Last data update: 2014.03.03

R: Cluster tools
snowfall-toolsR Documentation

Cluster tools

Description

Tools for cluster usage. Allow easier handling of cluster programming.

Usage

sfLibrary( package, pos=2,
           lib.loc=NULL, character.only=FALSE,
           warn.conflicts=TRUE,
           keep.source=NULL,
           verbose=getOption("verbose"), version,
           stopOnError=TRUE )
sfSource( file, encoding = getOption("encoding"), stopOnError = TRUE )
sfExport( ..., list=NULL, local=TRUE, namespace=NULL, debug=FALSE, stopOnError = TRUE )
sfExportAll( except=NULL, debug=FALSE )

sfRemove( ..., list=NULL, master=FALSE, debug=FALSE )
sfRemoveAll( except=NULL, debug=FALSE, hidden=TRUE )

sfCat( ..., sep=" ", master=TRUE )

sfClusterSplit( seq )
sfClusterCall( fun, ..., stopOnError=TRUE )
sfClusterEval( expr, stopOnError=TRUE )

sfClusterSetupRNG( type="RNGstream", ... )
sfClusterSetupRNGstream( seed=rep(12345,6), ... )
sfClusterSetupSPRNG( seed=round(2^32*runif(1)), prngkind="default", para=0, ... )

sfTest()

Arguments

expr

expression to evaluate

seq

vector to split

fun

function to call

list

character vector with names of objects to export

local

a logical indicating if variables should taken from local scope(s) or only from global.

namespace

a character given a namespace where to search for the object.

debug

a logical indicating extended information is given upon action to be done (e.g. print exported variables, print context of local variables etc.).

except

character vector with names of objects not to export/remove

hidden

also remove hidden names (starting with a dot)?

sep

a character string separating elements in x

master

a logical indicating if executed on master as well

...

additional arguments to pass to standard function

package

name of the package. Check library for details.

pos

position in search path to load library.

warn.conflicts

warn on conflicts (see "library").

keep.source

see "library". Please note: this argument has only effect on R-2.x, starting with R-3.0 it will only be a placeholder for backward compatibility.

verbose

enable verbose messages.

version

version of library to load (see "library").

encoding

encoding of library to load (see "library").

lib.loc

a character vector describing the location of the R library trees to search through, or 'NULL'. Check library for details.

character.only

a logical indicating package can be assumed to be a character string. Check library for details.

file

filename of file to read. Check source for details

stopOnError

a logical indicating if function stops on failure or still returns. Default is TRUE.

type

a character determine which random number generator should be used for clusters. Allowed values are "RNGstream" for L'Ecuyer's RNG or "SPRNG" for Scalable Parallel Random Number Generators.

para

additional parameters for the RNGs.

seed

Seed for the RNG.

prngkind

type of RNG, see snow documentation.

Details

The current functions are little helpers to make cluster programming easier. All of these functions also work in sequential mode without any further code changes.

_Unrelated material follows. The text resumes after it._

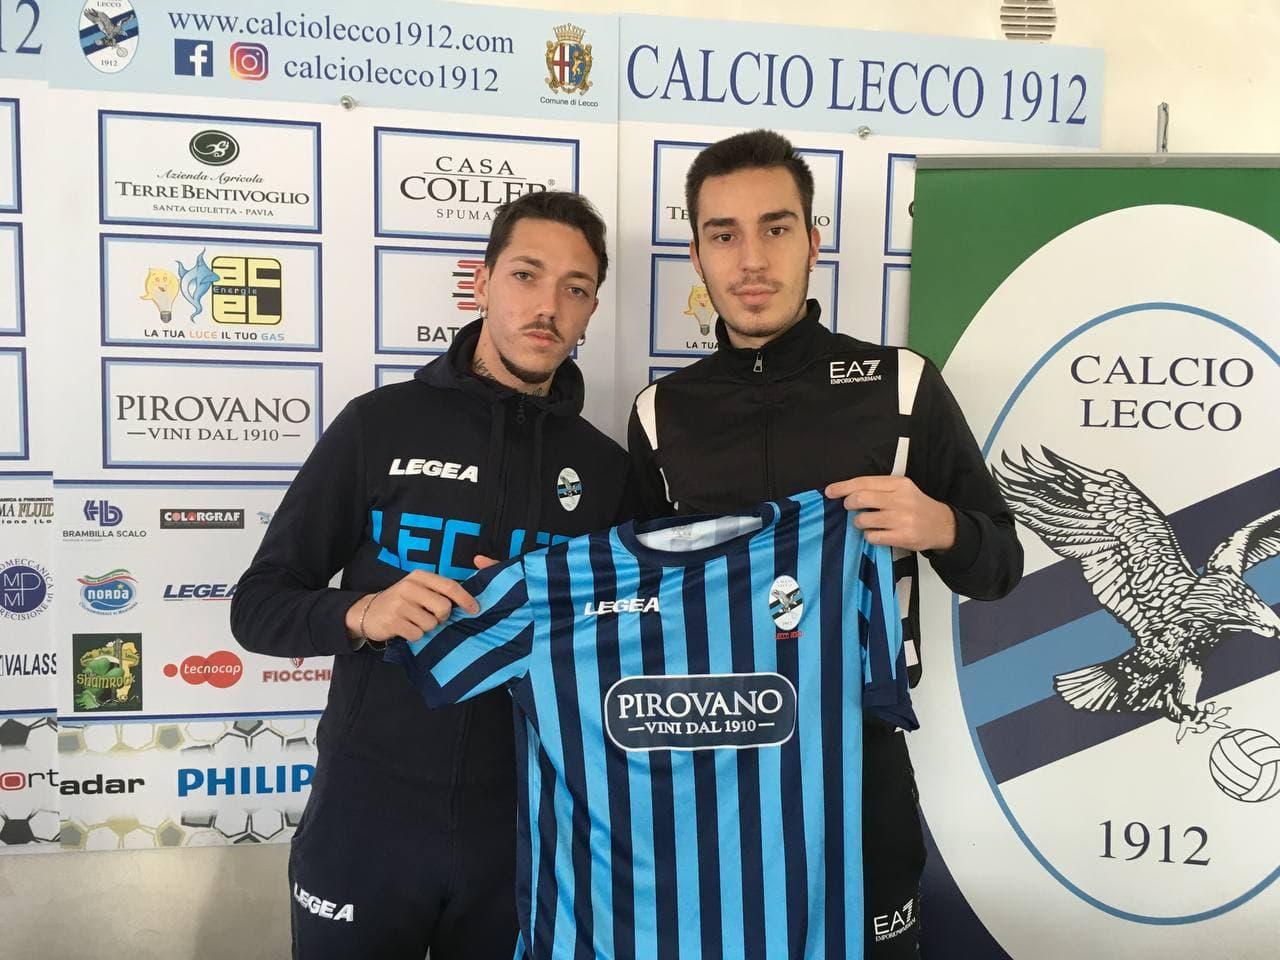 Ufficiale: Michele Emmausso nuovo giocatore della Calcio Lecco 1912
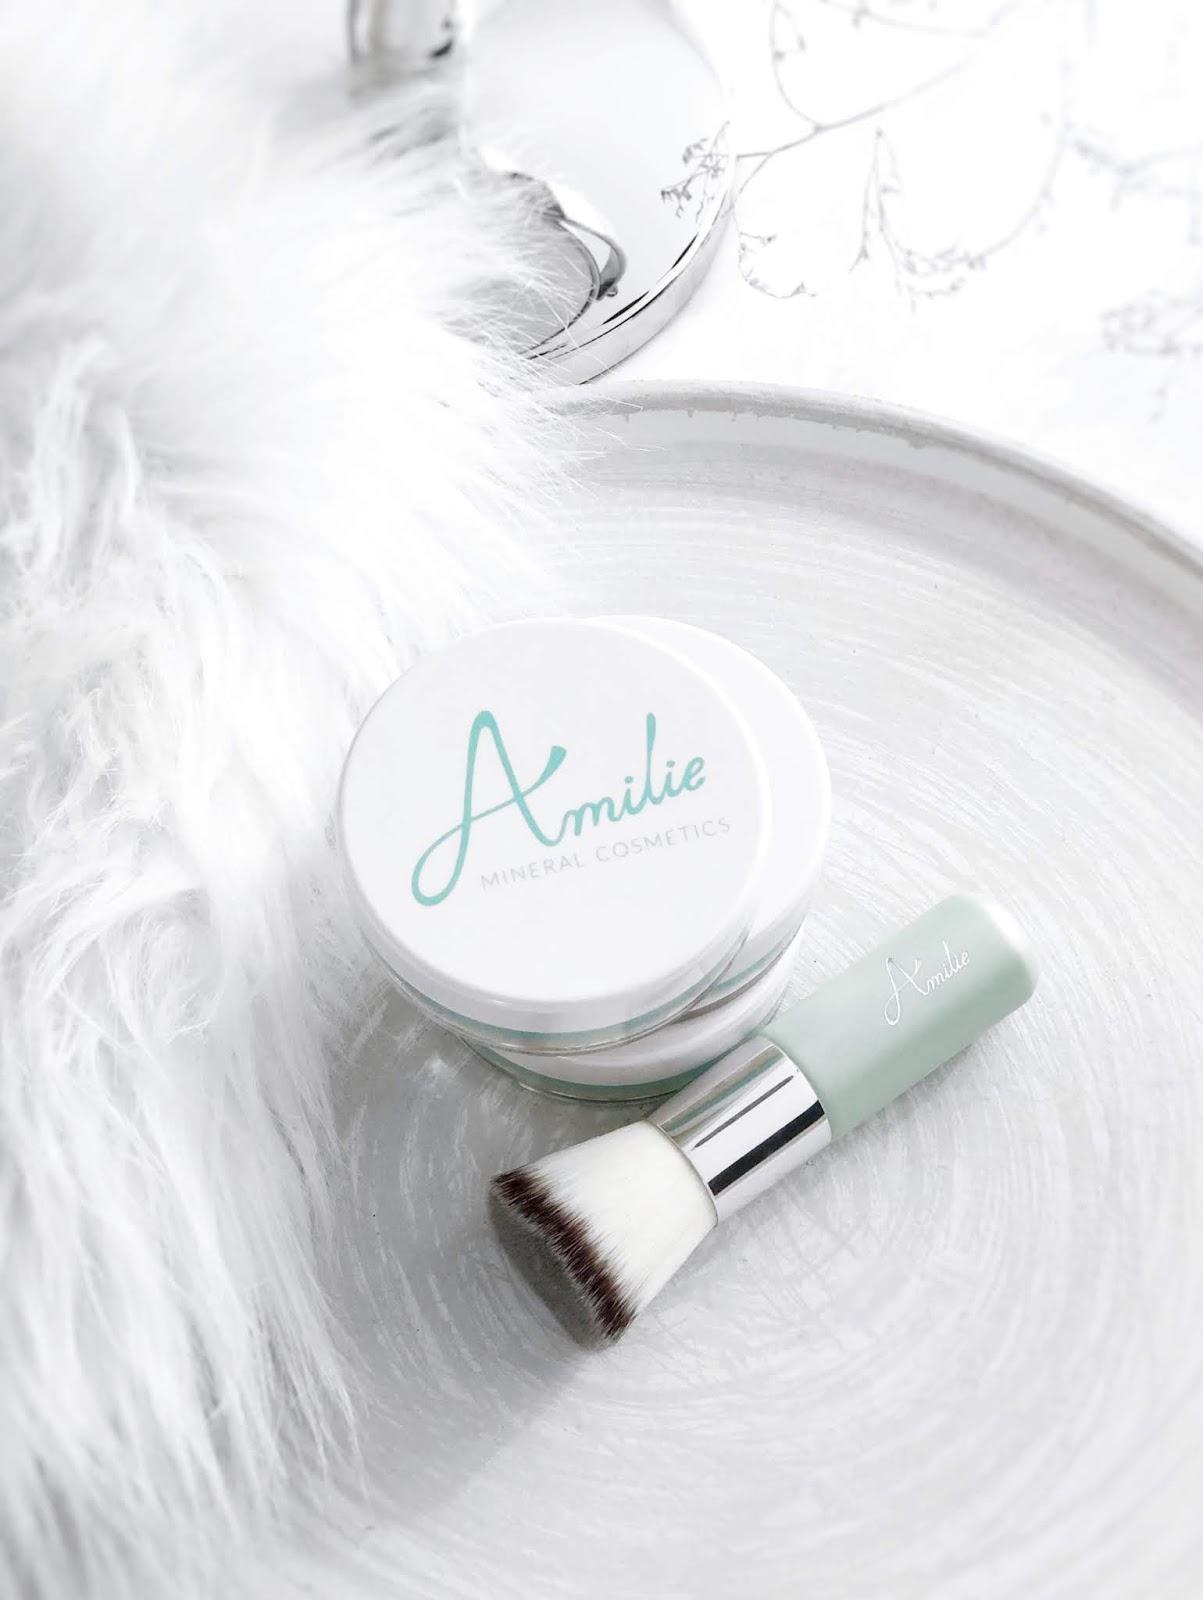 podklad-mineralny-amilie

sfLibrary loads an R-package on all nodes, including master. Use this function if slaves need this library, too. Parameters are identically to the R-build in funtion library. If a relative path is given in lib.loc, it is converted to an absolute path. As default sfLibrary stops on any error, but this can be prevented by setting stopOnError=FALSE, the function is returning FALSE then. On success TRUE is returned.

sfSource loads a sourcefile on all nodes, including master. Use this function if the slaves need the code as well. Make sure the file is accessible on all nodes under the same path. The loading is done on slaves using source with fixes parameters: local=FALSE, chdir=FALSE, echo=FALSE, so the files is loaded global without changing of directory. As default sfSource stops on any error, but this can be prevented by setting stopOnError=FALSE, the function is returning FALSE then. On success TRUE is returned.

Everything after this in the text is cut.